(c) This Agreement has been duly and validly executed and delivered by each of Buyer Parent and Buyer and, assuming due authorization, execution and delivery by Seller Parent and Seller, this Agreement constitutes a legal, valid and binding obligation of Buyer Parent and Buyer, enforceable against each of Buyer Parent and Buyer in accordance with its terms, except as such enforceability may be limited by the Enforceability Limitations. Each of the Ancillary Agreements to which Buyer Parent or Buyer (or, if applicable, its relevant Affiliates) is or will be a party has been or will be, as of the Closing, duly and validly executed and delivered by such Person, and, assuming due authorization, execution and delivery by the other party or parties thereto, constitutes or will constitute a legal, valid and binding obligation of such Person, enforceable against such Person in accordance with its terms, except as such enforceability may be limited by the Enforceability Limitations.

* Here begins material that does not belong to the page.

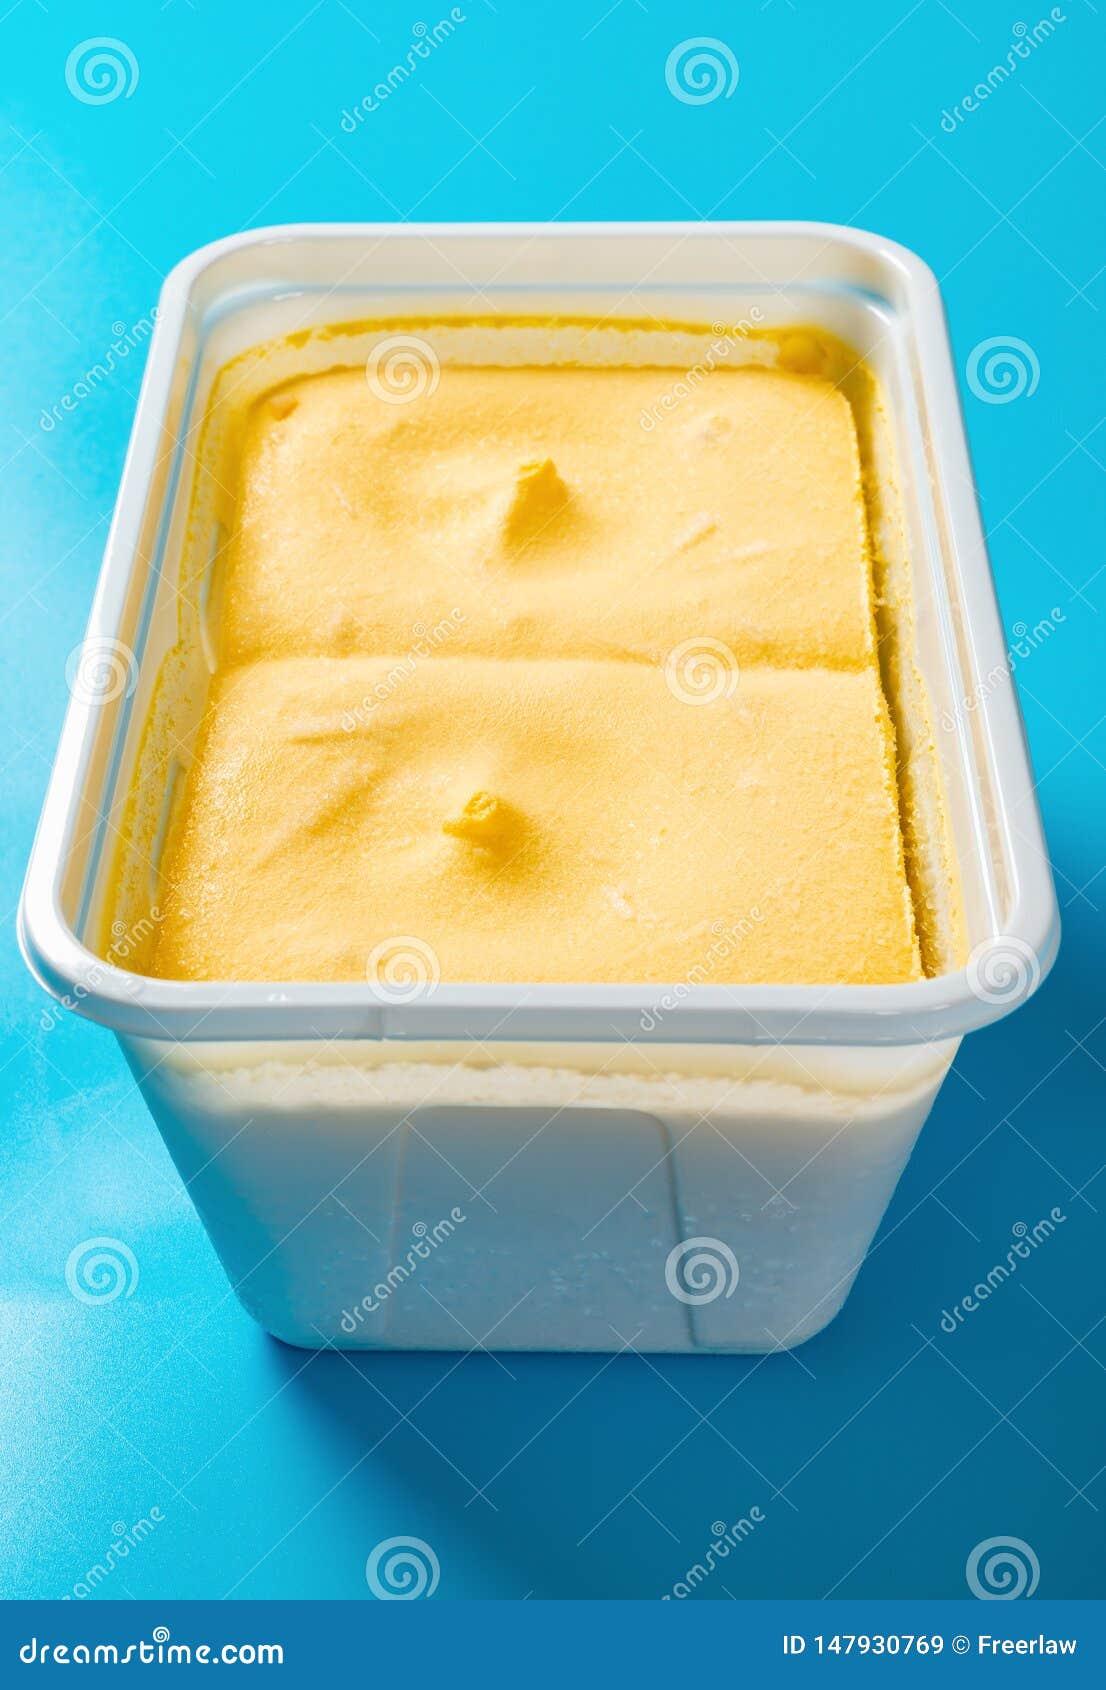 Caixa do gelado do sabor da manga na composição vertical do fundo azul

Section 3.2 No Conflicts; Consents.
(a) Subject to receipt of the Consents and Permits, and the making of the declarations, filings and notices, referred to in Section 3.2(b) (No Conflicts; Consents), neither the execution, delivery or performance by Buyer Parent or Buyer (or if applicable, its relevant Affiliates) of this Agreement or any Ancillary Agreement to which it is or will be a party, nor the consummation of the transactions contemplated hereby and thereby, will:
(i) conflict with, or result in a violation or breach of, or default under, any provision of the Organizational Documents of Buyer Parent or Buyer (or if applicable, its relevant Affiliates);
(ii) conflict with, or result in a violation of, or give any Governmental Body the right to challenge any of the transactions contemplated hereby under, any Law or Order applicable to Buyer Parent or Buyer (or if applicable, its relevant Affiliates), except as would result from any facts or circumstances relating solely to Seller or any of its Affiliates and not to Buyer Parent, Buyer or any of their Subsidiaries; or
(iii) (A) result in a violation or breach of, (B) constitute a default under, (C) result in the acceleration of or create in any party the right to accelerate, terminate or cancel, or (D) require the Consent of any other Person under, any Contract to which Buyer Parent or Buyer is a party or is bound or to which any of the properties or assets of Buyer Parent or Buyer (or if applicable, its relevant Affiliates) are subject.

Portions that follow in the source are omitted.